What you say seems fine, but there is perhaps a better option.

For a specific country there are likely population forecasts. You could do what you say, but if the point is what will happen in country X over the next 20 years, then it might make more sense to use the population forecasts for country X rather than converging them to the stationary distribution.

The correct answer as to how you should set up the population weights will, as is probably clear, depend on exactly what you want to do/ask with the model.

PS. For the codes to run just fine, whether or not the conditional survival probabilities match what happens in the population is not important (you might want them to match for conceptual reasons, but codes will run just fine either way).

if the point is what will happen in country X over the next 20 years, then it might make more sense to use the population forecasts for country X rather than converging them to the stationary distribution.

If I use vfiToolkit to draw transition path, then I should obtain forecasted age structure for 20 years and manually type

ParamPath.mewj(1)=[forecasted value for 20 periods]
ParamPath.mewj(2)=[forecasted value for 20 periods]
…
ParamPath.a=a_new*ones(20,1) %Assume that I want to examine a policy that changes parameter a (and consider the demographic change).

Is it the correct way to proceed?

Essentially, yes.

If you set up a parameter omega as ParamPath.omega to be N_j-by-T, or T-by-N_j, then VFI Toolkit will recognise the size and interpret it as an age-conditional parameter that varies over the transition path. As the codes loop internally over the transition path time period t they simply update Params.omega=ParamPath.omega(:,t), or equivalent, and use this for everything in that time period.

So your code has a minor typo, as should say ParamPath.mewj(1 ,: )=[forecasted value for 20 periods], where I just added ,: , but other than that all good [could be (:,1), not important which]

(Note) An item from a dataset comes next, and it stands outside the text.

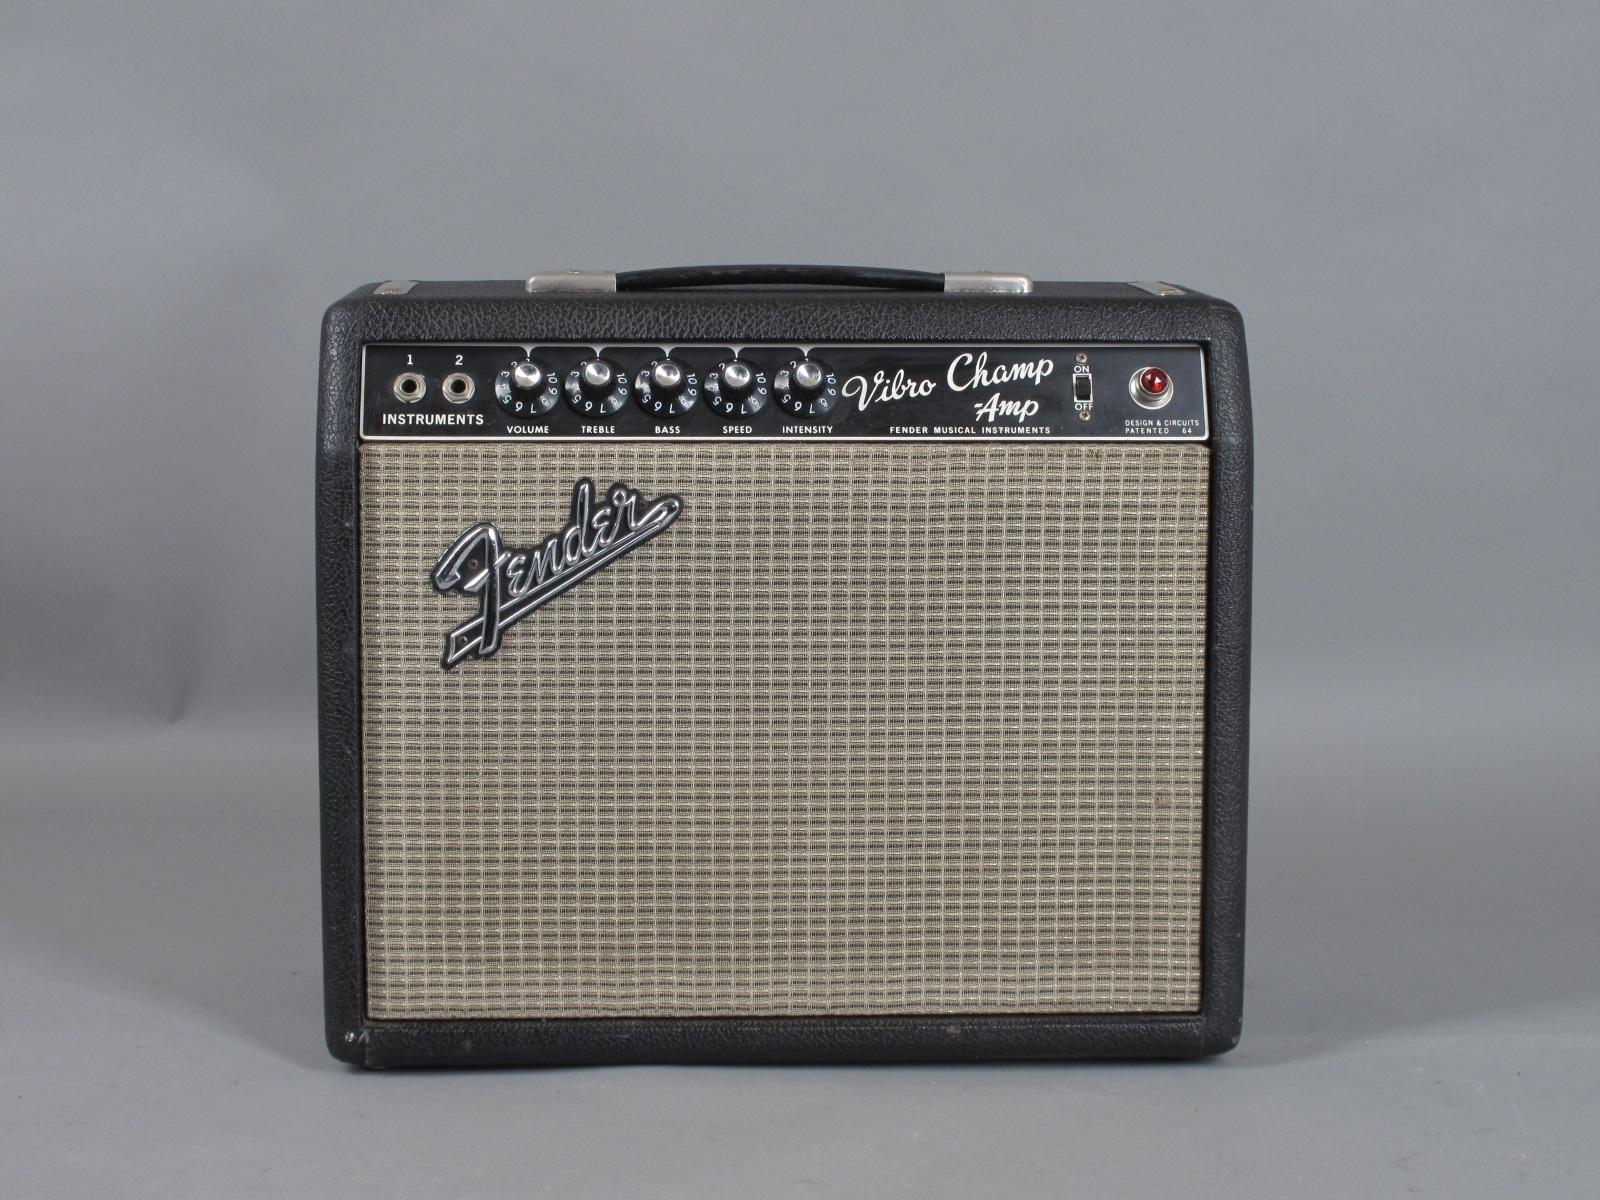 1967 Fender Vibro Champ Amp - Blackface

Btw, the new workshop on VFI Toolkit has a part of transition paths in OLG models that shows off some features that are not documented anywhere else yet. I haven’t made video yet but slides are there and the codes that go with them (video should show up in next month or so).

Thanks. These slides are very useful. One thing I want more details is the choice of period T in transition path. Normally people use T=50-100 periods. If in a model, agej represents 5 years (e.g. agej==1 means age 20-24), then should I set T to be a smaller number like 10 or 20 (since now 1 period = 5 years and 10-20 periods are equivalent to 50-100 years)?

I tend to think of choosing T like choosing the number of lags to include in a VAR.

If you set T too small the answer will be wrong (biased in the VAR, probably just fail to compute in the transition path).

If you set T too big, it is just inefficient (lower statistical efficiency in the VAR because estimating ‘too many unnecessary’ parameters, slower to compute in the transition path).

How big T should be will differ across models. My advice is first solve once for your model with a big T, because you know this will work. Then look at the result and pick a T that is long enough for the model to be essentially converged to the final stationary general eqm, but not much longer than is needed for that to occur. This will give you a good T to use in practice as it is not too short (not so short that model fails to converge to final eqm and so transition path results are incorrect), but not so long that you waste compute and have unnecessarily high runtimes.

What you say about models with a 5 year time period likely being able to have smaller T than models with a 1 year time period makes sense. The real reason is that you would expect to need less time periods to converge to the final stationary general eqm and therefore a smaller T should be fine (rather than because of what the time period is per se).